GRAM is an implementation of the Generative Recursive Reasoning Model (arXiv:2605.19376). It models the agent's internal reasoning process as a stochastic latent trajectory, scaling inference-time computation dynamically along both depth (adaptive recursive steps) and width (parallel trajectory sampling).

By structuring computation around a low-level "System 1" loop and a high-level "System 2" planner, GRAM allows models to spend more compute time on harder tokens or decision states, guided by an auxiliary Latent Process Reward Model (LPRM).


Architectural Blueprint

mermaid
graph TD
    X[Input Tensor x] --> Context[h_prev + x]
    Context --> S1[System 1 Inner Loop: f_L]
    S1 -- Iterates K times --> S1_End[Refined Latent l_t]
    S1_End --> S2[System 2 Outer Loop: f_H]
    H_Prev[h_prev] --> S2
    S2 --> Proposal[Proposal State u_t]
    
    Proposal --> Prior[Prior Net: p]
    Prior --> Prior_Dist[p = N(mu_p, sigma_p)]
    
    subgraph Posterior Mode (Training Only)
        Y[Target y] --> Concat[concat(u_t, y)]
        Concat --> Post[Posterior Net: q]
        Post --> Post_Dist[q = N(mu_q, sigma_q)]
    end
    
    Prior_Dist -.-> Sample[Reparameterized Sample]
    Post_Dist -.-> Sample
    
    Sample --> H_t[Next Latent h_t]
    H_t --> ACT[ACT Halting Head]
    H_t --> LPRM[LPRM Score Head]
    H_t --> LM[LM Logits Head]
    
    ACT -- Halt Prob > 0.5 --> Exit[Exit Loop early]

Key Components

  1. System 1 (Inner Loop, $K$ steps): Low-level state refinement $l_{t,k} = f_L(l_{t,k-1} + h_{t-1} + e_x)$. Represents fast, intuitive processing.
  2. System 2 (Outer Loop, $T$ steps): High-level planning $u_t = f_H(h_{t-1} + l_t)$. Computes proposals for the next reasoning step.
  3. Stochastic Transition: Adds reparameterized noise $\epsilon_t \sim \mathcal{N}(\mu, \sigma^2 I)$ to the proposal state ($h_t = u_t + \epsilon_t$).
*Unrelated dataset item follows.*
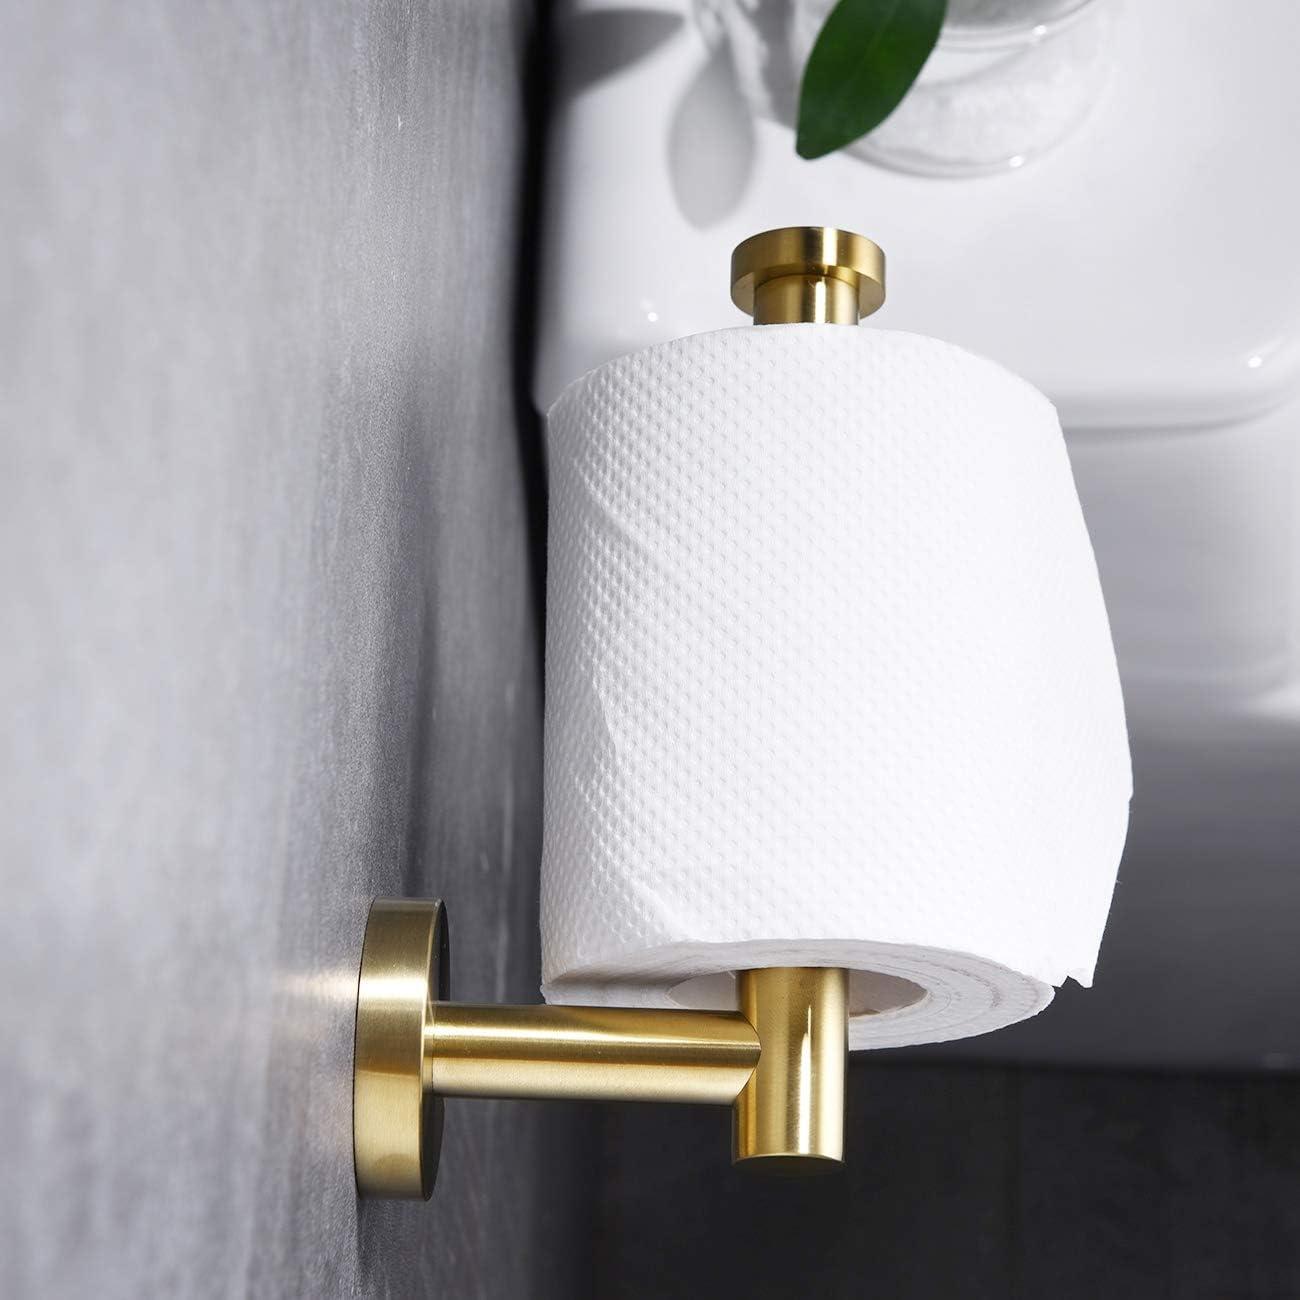 C100L12-BG Brushed Gold Finish Hoooh Toilet Paper Holder SUS304 Stainless Steel Bathroom Lavatory Paper Towel Dispenser Wall Mount
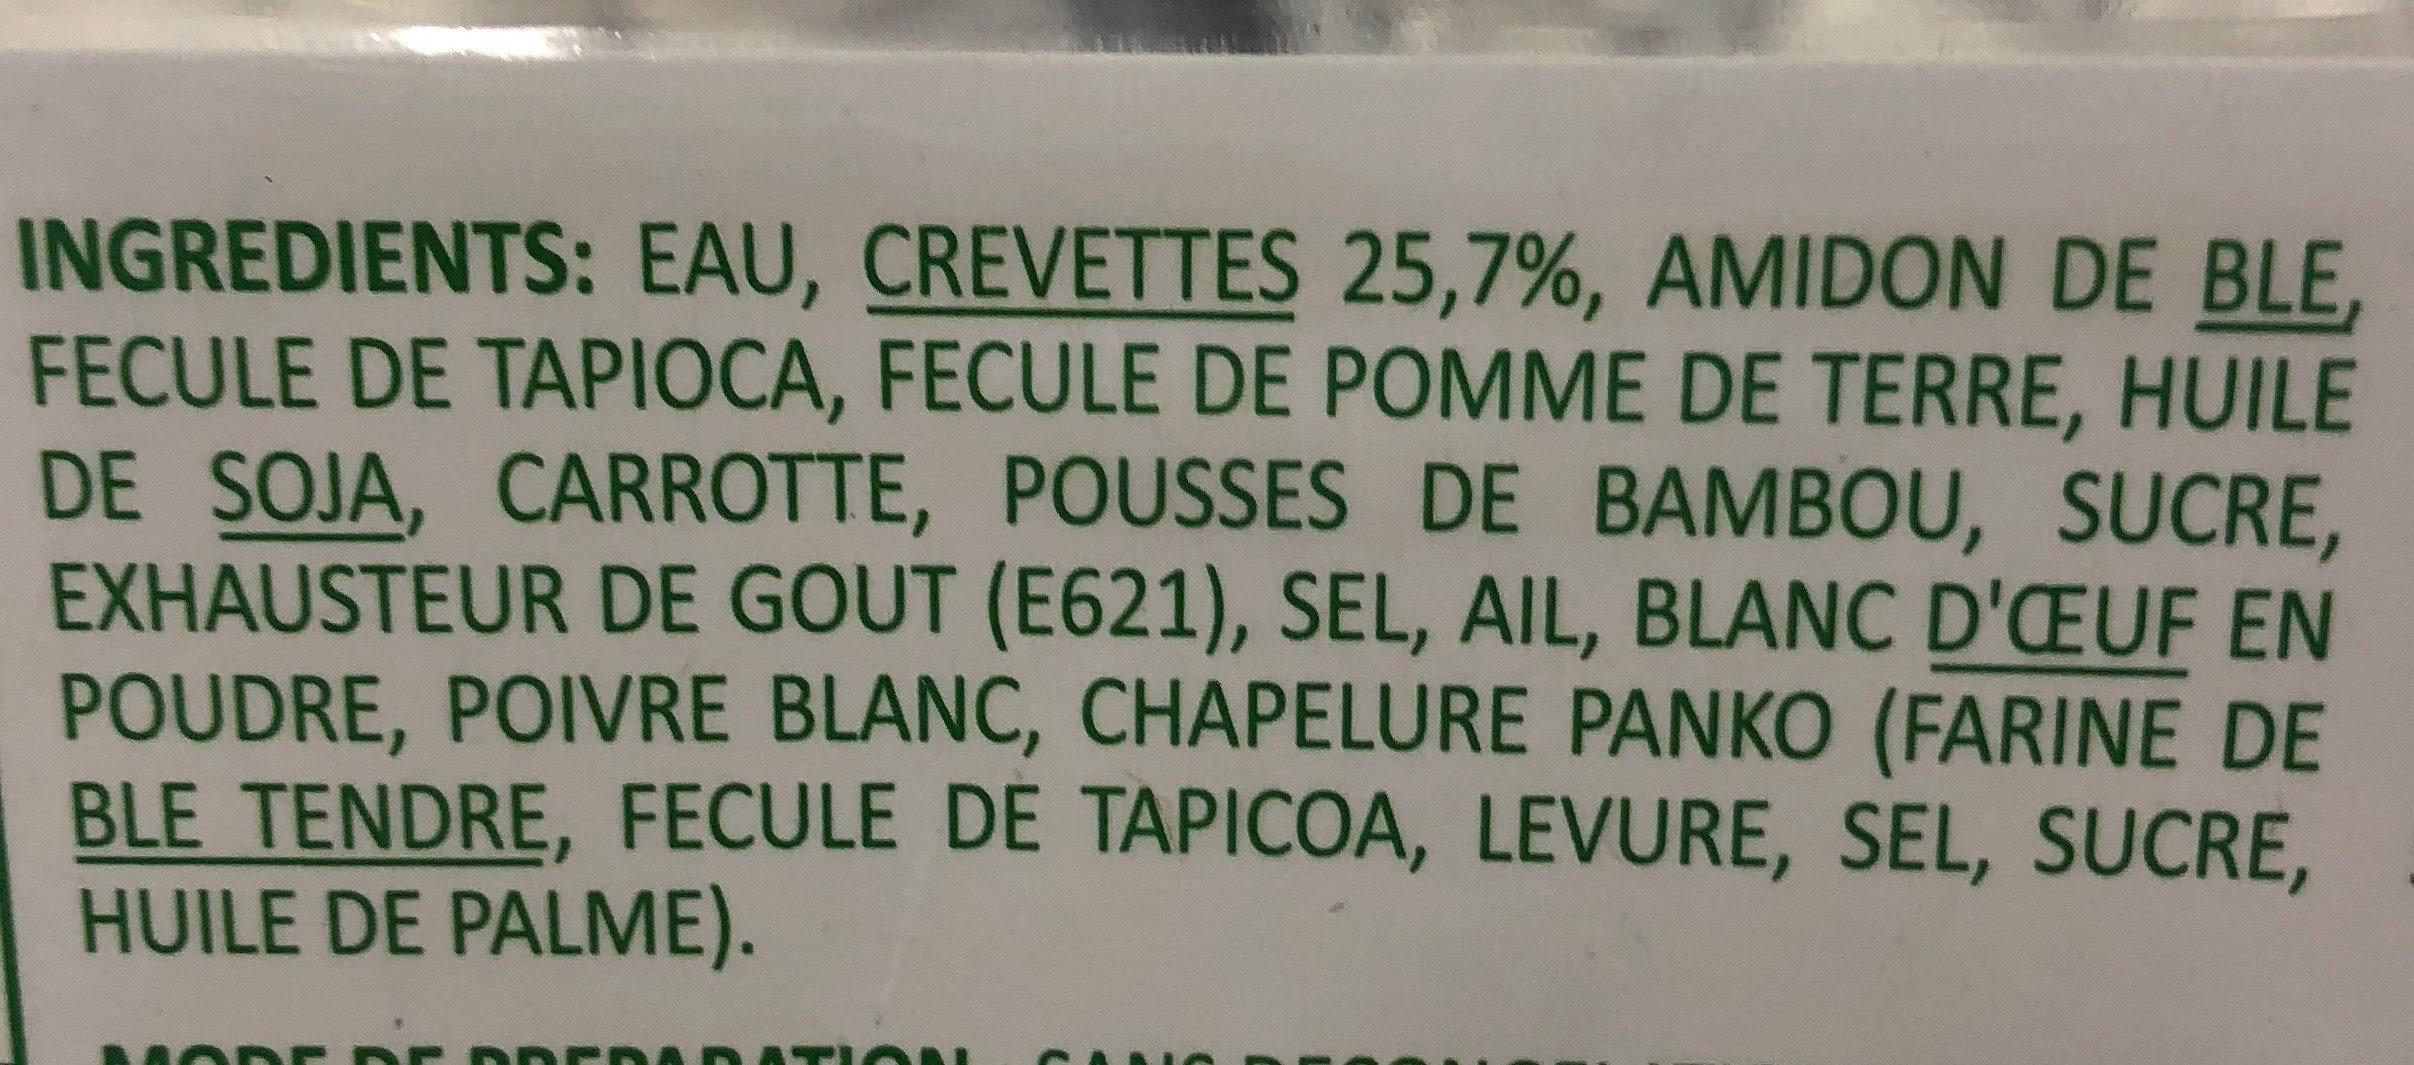 Ravioli aux crevettes - Ingredients - fr

This allows the model to explore reasoning pathways while remaining fully differentiable.
  4. Adaptive Computation Time (ACT): Halts the outer loop dynamically during prior mode inference when the halting probability exceeds $0.5$.
  5. Latent Process Reward Model (LPRM): Predicts the expected correctness of the current reasoning state, enabling best-of-$N$ path selection during search.

Constructor

Located in Gradien.Experimental.Models.GRAM.

lua
(config: GRAMConfig) -> GRAMModule
lua
type GRAMConfig = {
    embedDim: number,       -- Embedding / state dimension (required)
    vocabSize: number,      -- Output vocabulary / action dimension (required)
    numHeads: number?,      -- Number of attention heads in f_L/f_H blocks (default: 8)
    mlpDim: number?,        -- Hidden dimension for GatedMLP layers (default: embedDim)
    K: number?,             -- Number of inner loop (System 1) refinement steps (default: 4)
    T: number?,             -- Max number of outer loop (System 2) planning steps (default: 3)
    beta: number?,          -- KL divergence penalty coefficient (default: 0.05)
    alpha: number?,         -- KL balancing weight for prior/posterior (default: 0.8)
    useAttention: boolean?, -- Enable Multi-Head Attention blocks in f_L/f_H (default: true)
}
lua
local Gradien = require(game.ReplicatedStorage.Gradien)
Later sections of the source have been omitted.